Política

Argentina recibió US$ 4.334 millones del FMI, que se incorporaron a las reservas

Argentina recibió US$ 4.334 millones del FMI, que se incorporaron a las reservas
Kristalina Georgieva consideró que "es un gran estímulo para el mundo y, si se usa con prudencia, una oportunidad única para combatir esta crisis sin precedentes". Los países emergentes y en desarrollo recibirán unos 275.000 millones de dólares.

La Argentina sumó el lunes a sus reservas el equivalente a US$ 4.334 millones en concepto de una nueva asignación de Derechos Especiales de Giro (DEG) que el Fondo Monetario Internacional comenzó a distribuir entre los países miembros, según su cuota de participación en el organismo multilateral.

Así lo confirmó esta tarde el Ministerio de Economía, al precisar que la Argentina recibió en total unos 3.055 millones de DEG, que convertidos a dólares equivalen a los US$ 4.334 millones.

En marzo pasado, el FMI resolvió realizar una asignación general de DEG por el equivalente a US$ 650.000 millones para reforzar la liquidez global afectada por la pandemia, complementando los activos de reserva de los 190 países miembros del Fondo.

En el caso de Argentina, cuya cuota representa el 0,67%, equivale hoy a US$ 4.334 millones que fueron depositados como reservas del BCRA y permitirán fortalecer la posición cambiaria del país.

En la mañana del lunes, el Fondo Monetario Internacional (FMI) formalizó la asignación histórica de los US$ 650.000 millones en recursos para los países miembros que culminaron de votar la iniciativa el pasado 2 de agosto.

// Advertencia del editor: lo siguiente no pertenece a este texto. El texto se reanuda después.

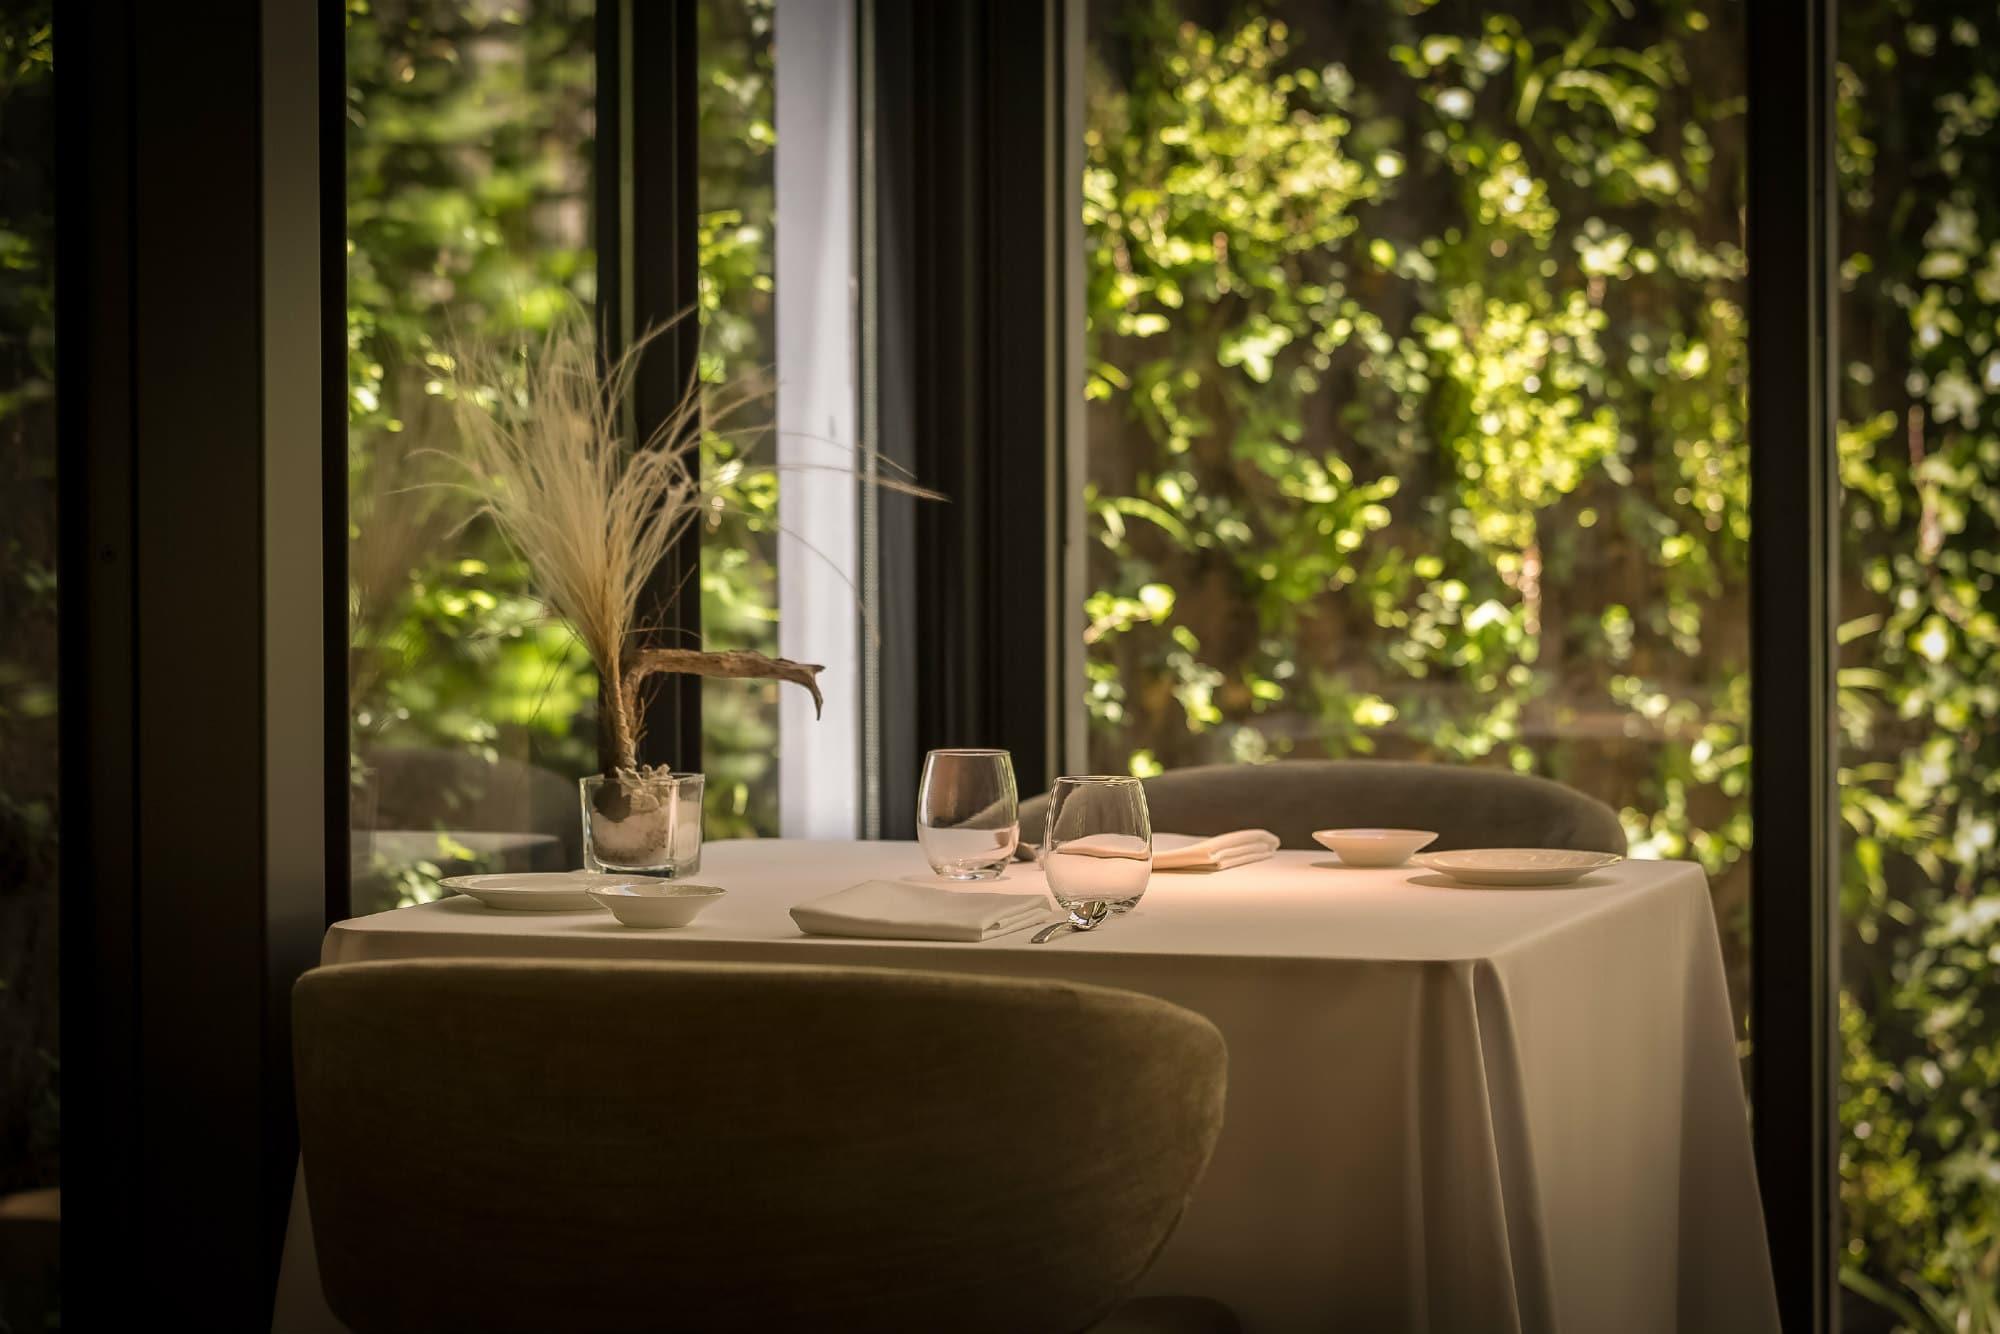 Xerta Restaurant Barcelona restaurante Ohla Eixample hotel contactoFran Lopez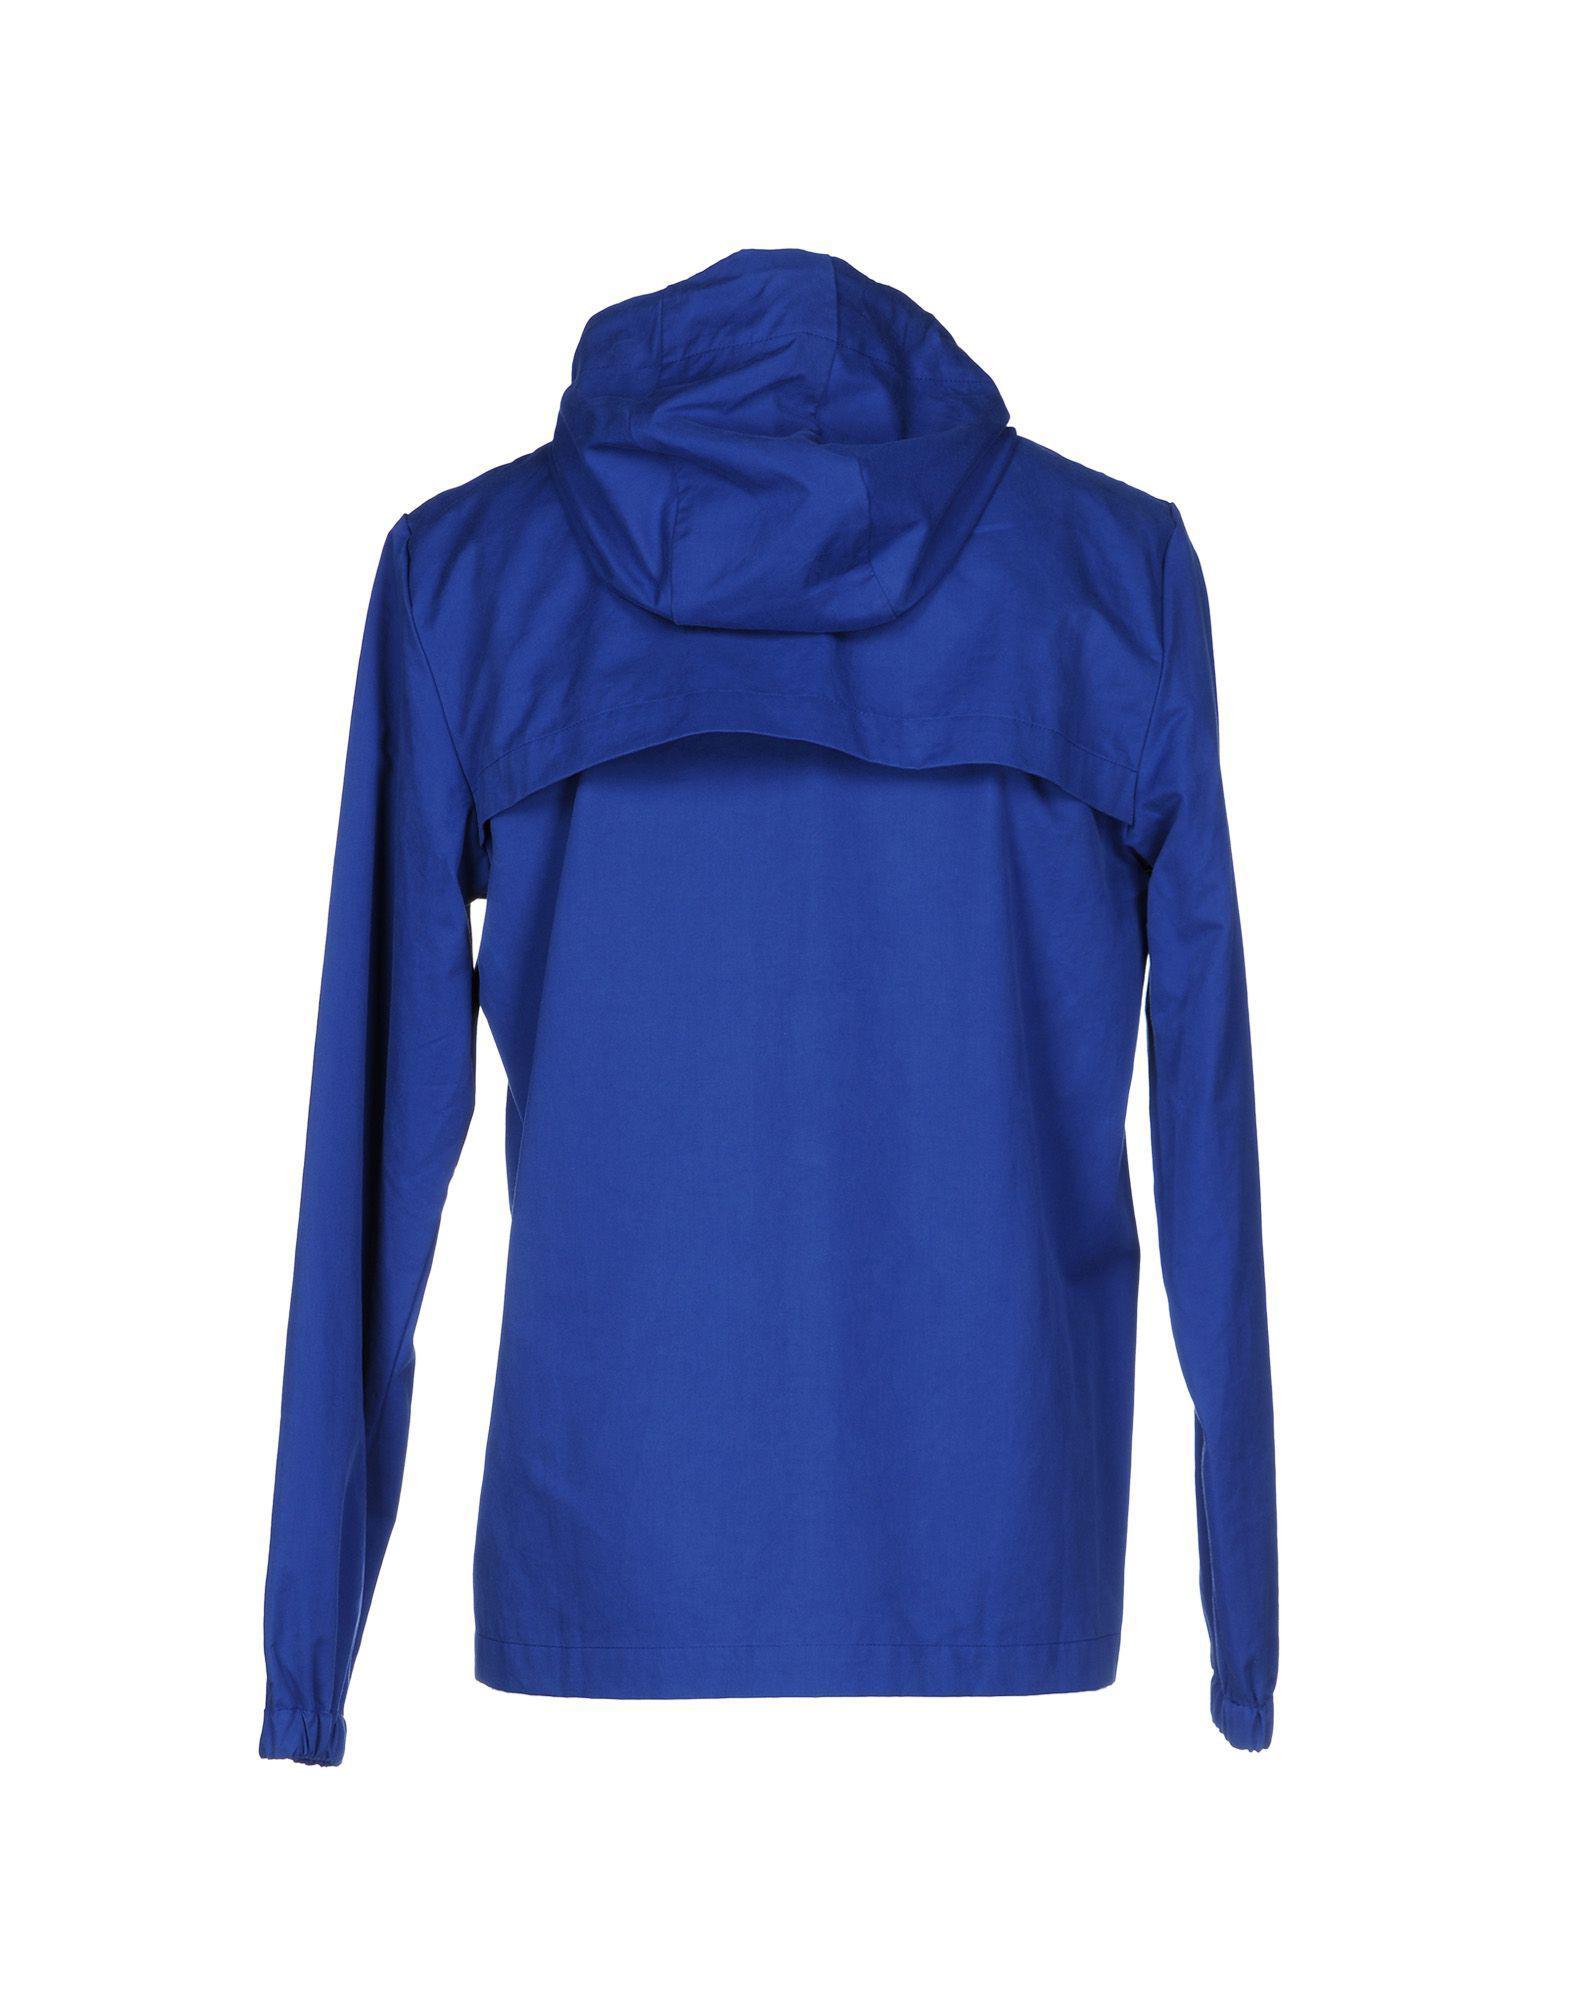 Christopher Raeburn Cotton Jacket in Blue for Men

“La mayor asignación de derechos especiales de giro (DEG) de la historia, alrededor de US$ 650 mil millones, entra en vigencia hoy”, expresó la principal impulsora de la iniciativa, titular del FMI, Kristalina Georgieva, a través de un comunicado.

Georgieva consideró que “la asignación es una gran inyección de recursos para el mundo y, si se usa con prudencia, una oportunidad única para combatir esta crisis sin precedentes”.

Con ese dinero, la Argentina cuenta eventualmente con los fondos necesarios para cumplir con el pago de compromisos en dólares con los organismos internacionales para lo que resta del año.

Esa alternativa sería sólo en el caso de que no alcanzara antes un acuerdo con el FMI para reprogramar los vencimientos del préstamo por US$ 44.000 millones contraídos durante la administración de Mauricio Macri.

Los países emergentes y en desarrollo recibirán unos US$ 275.000 millones.

“La asignación de DEG proporcionará liquidez adicional al sistema económico mundial, complementando las reservas de divisas de los países y reduciendo su dependencia de una deuda interna o externa más cara”, agregó.

También ahondó Georgieva que “los países pueden utilizar el espacio proporcionado por la asignación de DEG para apoyar sus economías e intensificar su lucha contra la crisis”.

El Fondo, además, indicó que velará por la transparencia en el uso de los nuevos recursos.

“Para apoyar a los países y ayudar a garantizar la transparencia y la rendición de cuentas, el FMI está proporcionando un marco para evaluar las implicaciones macroeconómicas de la nueva asignación, su tratamiento estadístico y gobernanza, y cómo podría afectar la sostenibilidad de la deuda”, expresó el organismo.

El FMI también proporcionará actualizaciones periódicas sobre todas las tenencias, transacciones y negociación de DEG, incluido un informe de seguimiento sobre el uso de DEG dentro de dos años.

Asimismo, el Fondo buscará una resignación de los recursos que hoy fueron adjudicados a países que los necesitan.

El camino más aceitado es el de la reasignación de recursos a países de bajos ingresos, algo que ya ocurrió en el pasado.

Aún queda pendiente la concreción de la iniciativa de darle forma a un mecanismo que ayude a los países medios.

Durante la pandemia, algunos miembros ya se han comprometido a prestar US$ 24.000 millones, incluidos 15.000 millones de sus DEG existentes, al Fondo Fiduciario para el Crecimiento y la Reducción de la Pobreza del FMI, que ofrece préstamos en condiciones favorables a países de bajos ingresos, reveló el FMI.

“El FMI también está colaborando con sus países miembros sobre la posibilidad de un nuevo Fideicomiso de Resiliencia y Sostenibilidad, que podría utilizar DEG canalizados para ayudar a los países más vulnerables con la transformación estructural, incluida la confrontación de desafíos relacionados con el clima”, indicó el organismo.

Otra posibilidad podría ser canalizar los DEG para respaldar los préstamos de los bancos multilaterales de desarrollo, según indicaron.

Los DEG son un activo multilateral creado en 1969 por el FMI, cuyo valor es en base a una canasta de monedas, y complementa las reservas oficiales de los países miembros, da liquidez, pero no constituye una moneda en el sentido estricto.